The attributes here are used by the parser to determine how to populate an instance of the class with data from an HTML document. The parser does the following when you call GetAll<T>():

  • Checks that the type T has a ContainerName attribute (and it's not blank)
  • Searches the HTML document for all nodes with a class attribute that matches the ContainerName. Call these the "container nodes".
  • For each container node:
    • Uses reflection to create an object of type T.
    • Get the public fields (a MemberInfo[]) for type T via reflection
    • For each field's MemberInfo
      • If the field has a PropertyName attribute
        • Get the value of the corresponding microformat property from the HTML
        • Inject the value found in the HTML into the field (i.e. set the value of the field on the object of type T created in the first step)
        • Add the object of type T to a List<T>
    • Return the List<T>, which now contains a bunch of microformat objects

I'm trying to figure out a better way to implement the step in bold. The problem is that the Type of a given field in the microformat class determines not only what node to look for in the HTML, but also how to interpret the data.

For example, going back to the HCard class I defined above, the "email" property is bound to the EmailAddresses field, which is a List<string>. After the parser finds all the "email" child nodes of the parent "vcard" node in the HTML, it has to put them in a List<string>.

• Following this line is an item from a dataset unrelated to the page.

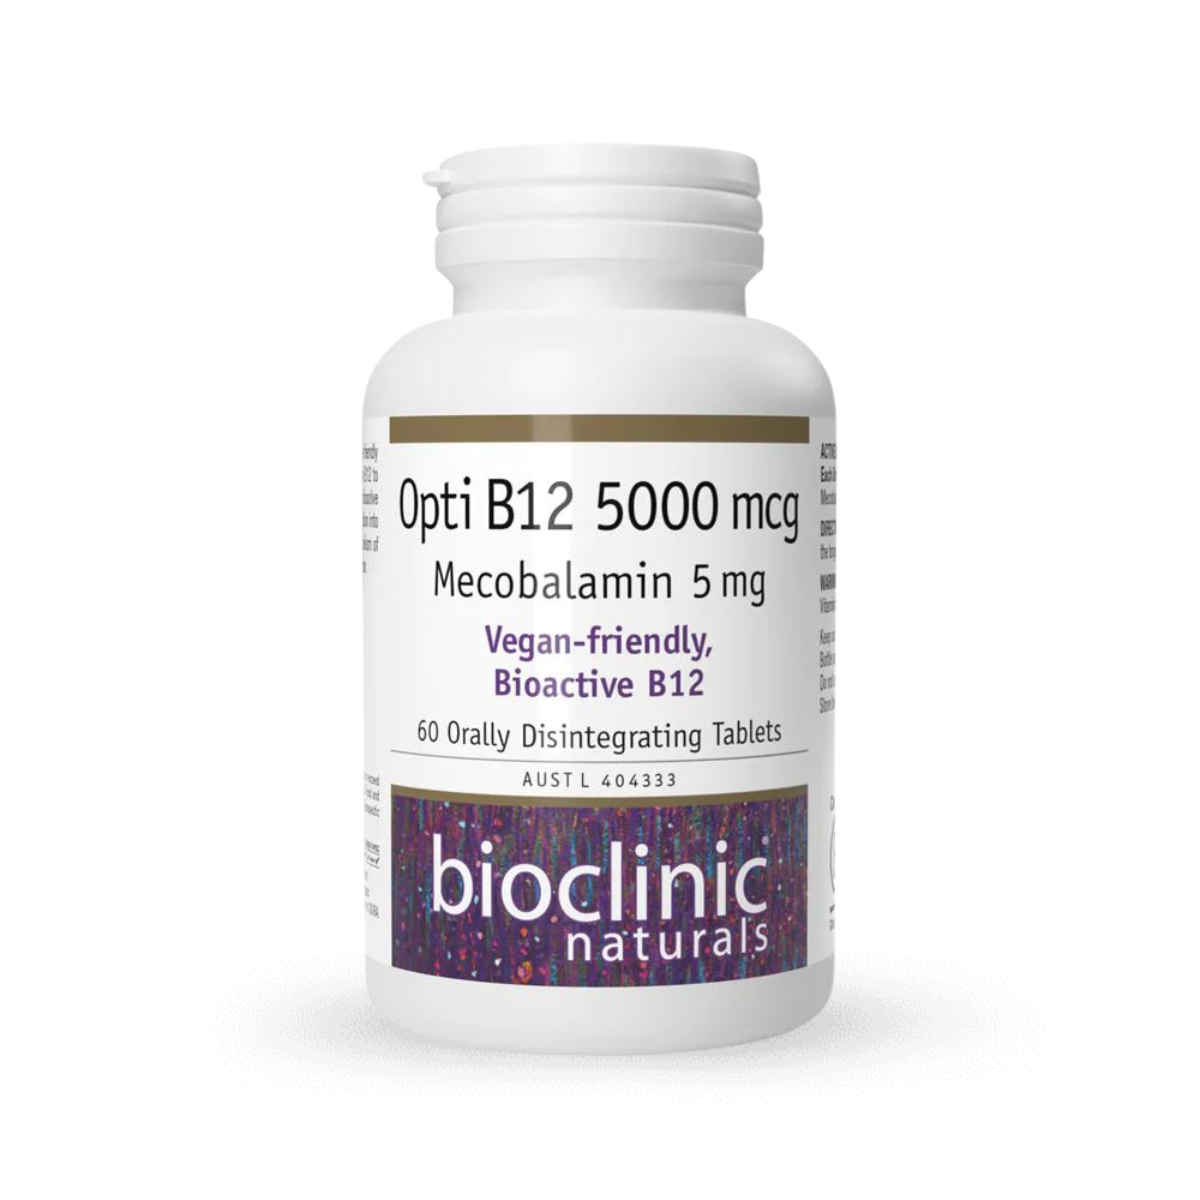 Bioclinic Naturals Opti B12 5000mcg Orally Disintegrating 60t

What's more, if I want my HCard to be able to return phone number information, I would probably want to be able to declare a new field of type List<HCard.TelephoneNumber> (which would have its own ContainerName("tel") attribute) to hold that information, because there can be multiple "tel" elements in the HTML, and the "tel" format has its own sub-properties. But now the parser needs to know how to put the telephone data into a List<HCard.TelephoneNumber>.

The same problem applies to FloatS, DateTimeS, List<Float>S, List<Integer>S, etc.

The obvious answer is to have the parser switch on the type of field, and do the appropriate conversions for each case, but I want to avoid a giant switch statement. Note that I'm not planning to make the parser support every possible Type in existence, but I will want it to handle most scalar types, and the List<T> versions of them, along with the ability to recognize other microformat classes (so that a microformat class can be composed from other microformat classes).

Any advice on how best to handle this?

Since the parser has to handle primitive data types, I don't think I can add polymorphism at the type level...

My first thought was to use method overloading, so I would have a series of a GetPropValue overloads like GetPropValue(HtmlNode node, ref string retrievedValue), GetPropValue(HtmlNode, ref List<Float> retrievedValue), etc. but I'm wondering if there is a better approach to this problem.

like image 728
Mike Spross Avatar asked Feb 16 '09 06:02

Mike Spross


2 Answers

Mehrdad's approach is basically the one I'd suggest to start with, but as the first step out of potentially more.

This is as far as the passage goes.